There will be a valve , probably out side , underneath, to empty the rank. Most of the time they are a small white valve hanging down !


----------



## huntr70 (Jul 8, 2005)

Sometimes it is just a white hose with a cap on it also....


----------



## thefulminator (Aug 8, 2007)

On the last trip of the year, I like to fill the fresh tank at the campground just before we leave and open the drain valve before we take off. I figure it helps rinse the tank and all the bouncing gets all the water out before we get home.


----------



## Y-Guy (Jan 30, 2004)

Turn off your pump and open the faucet or two.
Crawl around under your Outback and look for one or two hoses poking out the bottom, either a valve handle or just a cap. Turn or remove and let the water drain.
Then remove the water heater drain plug and let it drain, you can open the valve on the HW heater to let it drain faster.
Before putting the caps back on or putting the plug back in, try taking the Outback around the block a few times this should get all the water out. 
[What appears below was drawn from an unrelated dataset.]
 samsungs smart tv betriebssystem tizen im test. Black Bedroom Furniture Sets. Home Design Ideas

Are you in the process of winterizing or just draining the water?


----------



## Scoutr2 (Aug 21, 2006)

Y-Guy said:


> Turn off your pump and open the faucet or two.
> Crawl around under your Outback and look for one or two hoses poking out the bottom, either a valve handle or just a cap. Turn or remove and let the water drain.
> Then remove the water heater drain plug and let it drain, you can open the valve on the HW heater to let it drain faster.
> Before putting the caps back on or putting the plug back in, try taking the Outback around the block a few times this should get all the water out.
> ...


But do not confuse the two low point drain lines with the fresh water drain valve.

The low point drain lines usually have caps, and when they are removed they will drain most all of the water from the hot water lines and the cold water lines that run throughout your trailer - all of which are after the fresh water demand pump.
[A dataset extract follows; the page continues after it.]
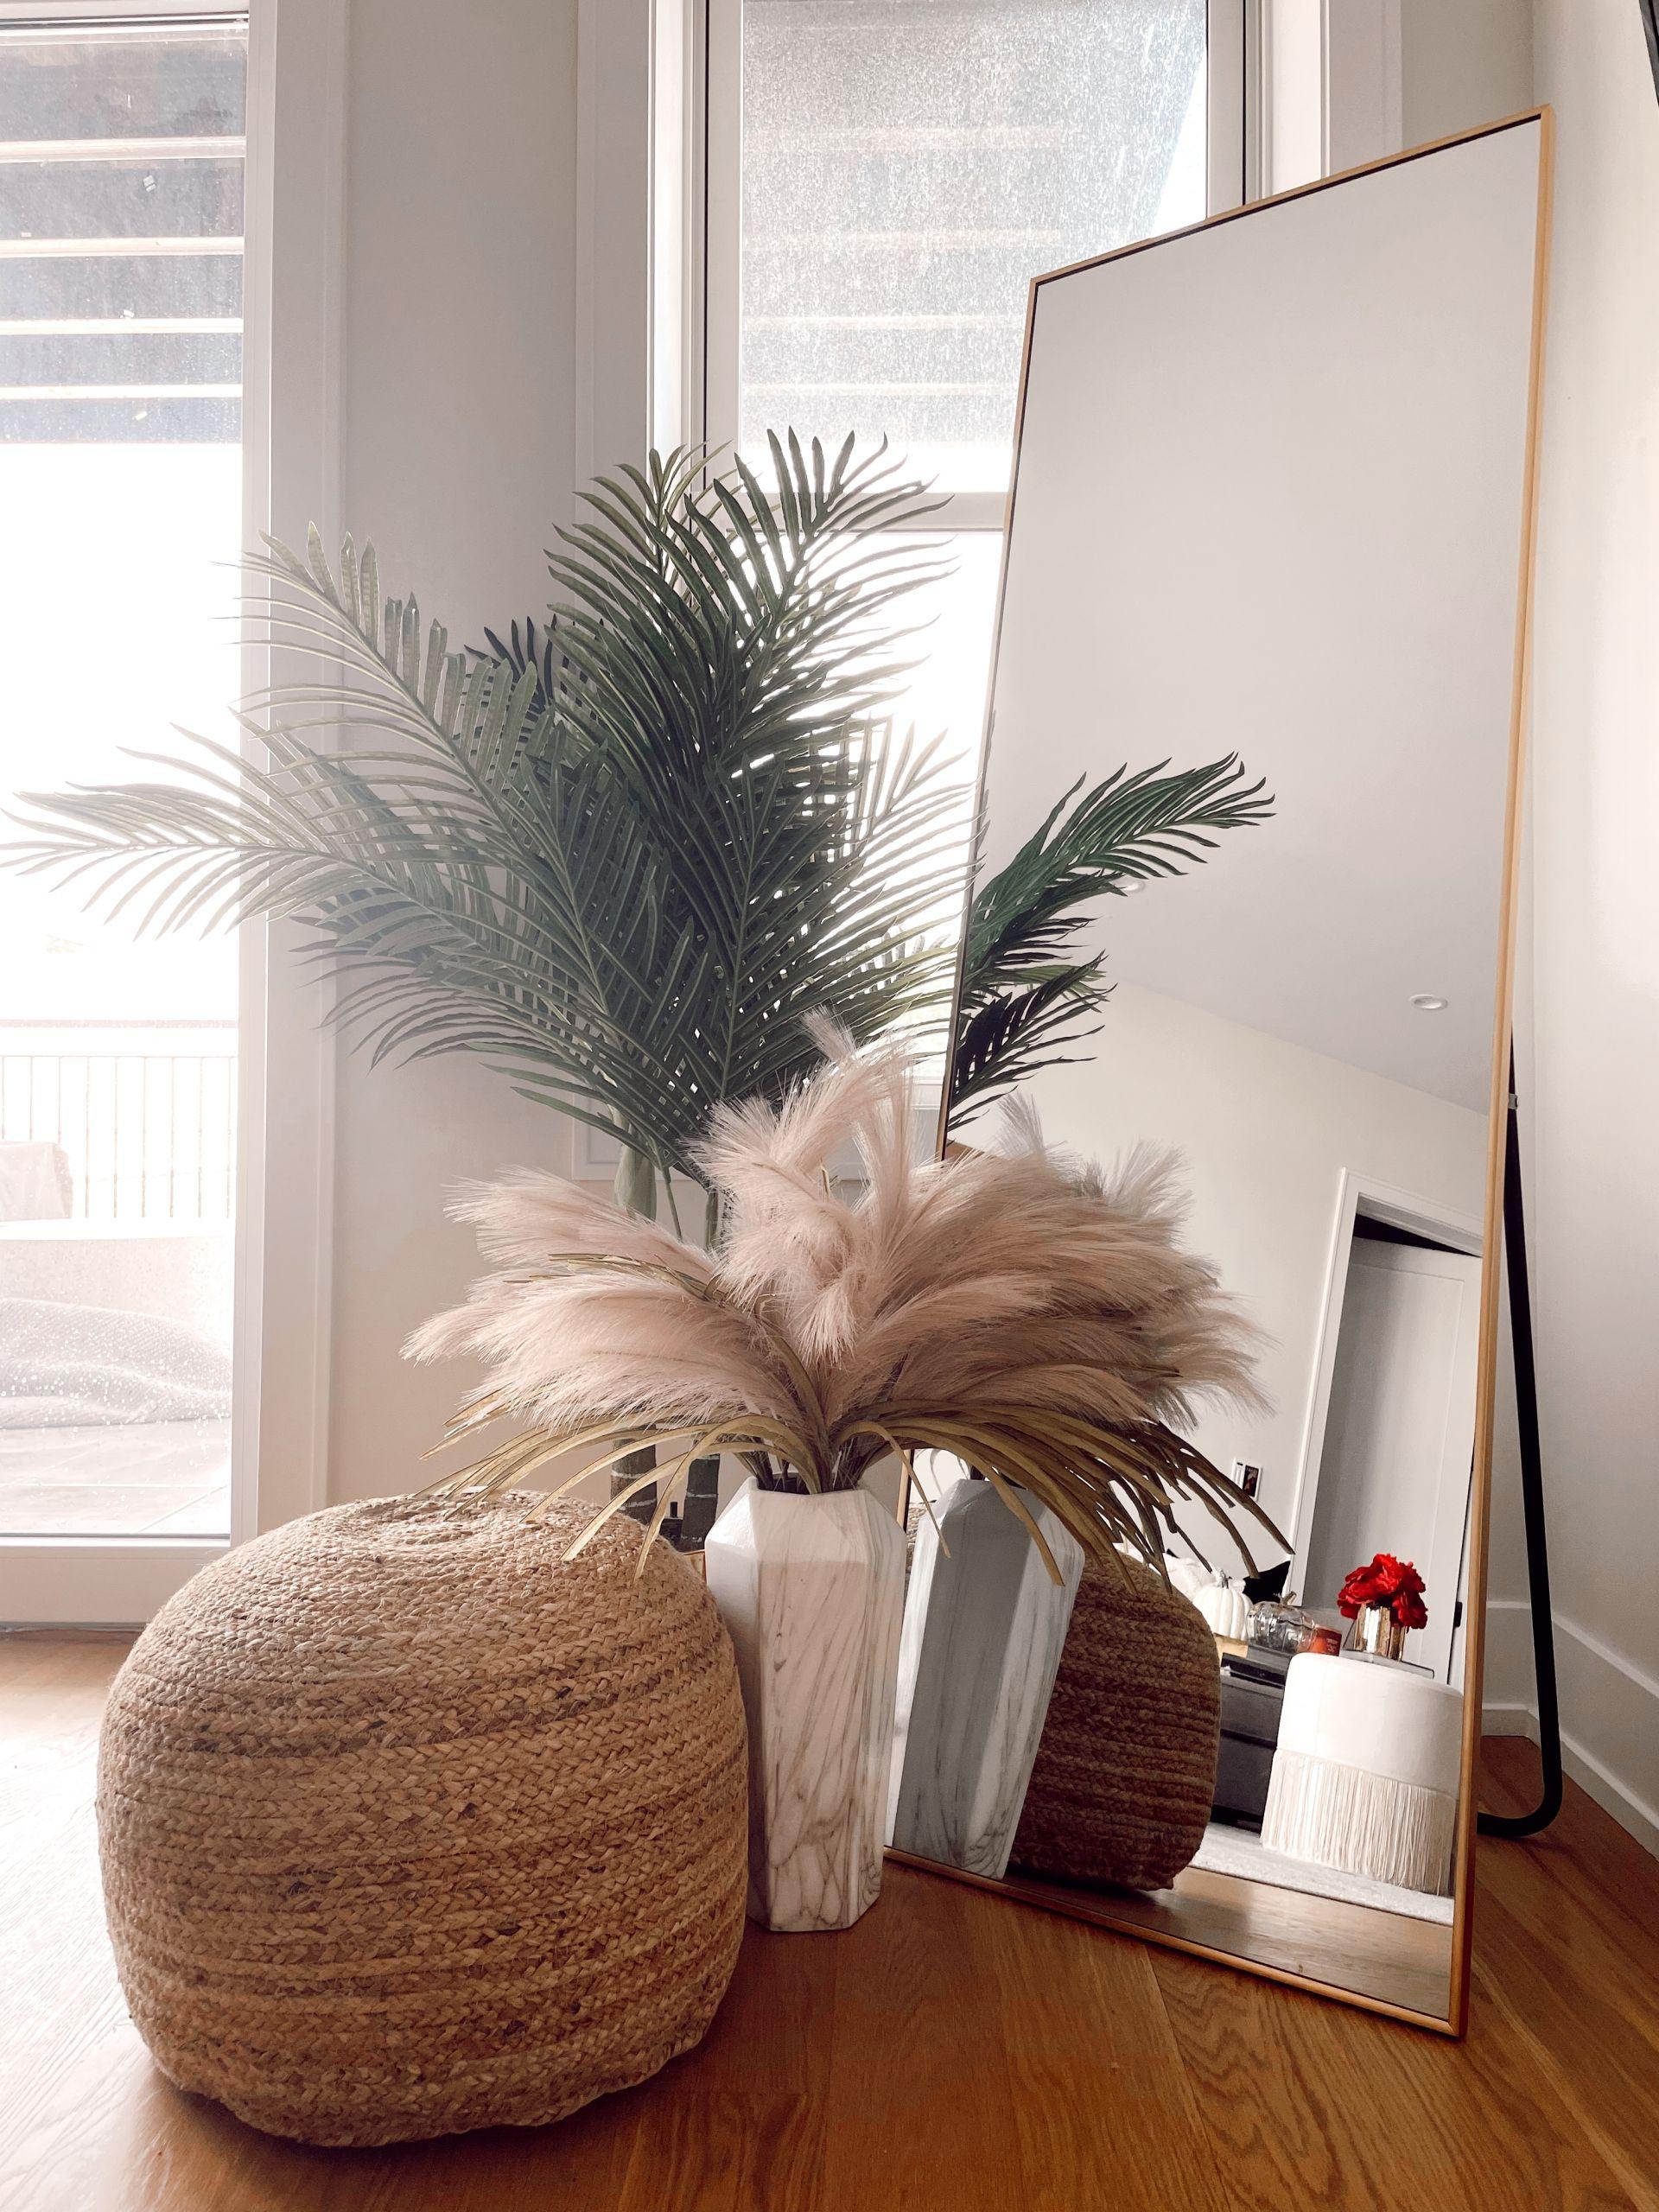 pampas grass inspiration, pampas grass styling, pampas grass living room, pampas grass mirror ideas, gold mirror styling, jute pouf, boho neutral pouf, floor mirror styling ideas

The fresh water tank drain is usually a valve or a plug in the bottom of the fresh water tank. When removed, that drain allows the fresh water tank to drain - which is the reservoir from which the fresh water demand pump draws its water.

This past summer I ran a remote drain line and shutoff valve out to the side of the trailer, and located it just inside the lower skirt and below the water pump. Now I do not need to crawl under the trailer to open and close that danged valve any more!

Mike


----------



## brian j (Nov 24, 2009)

thanks for all the replies. i know where the low point drains are but i guess i will have to crawl back under and look for the plug for the fresh water tank.


----------



## MJRey (Jan 21, 2005)

If the tank is full it can take awhile to drain. To speed up the process I sometimes take the cap off the low point drains and turn on the water pump. I can get rid of the water in the fresh tank about 3 times faster doing it that way.


----------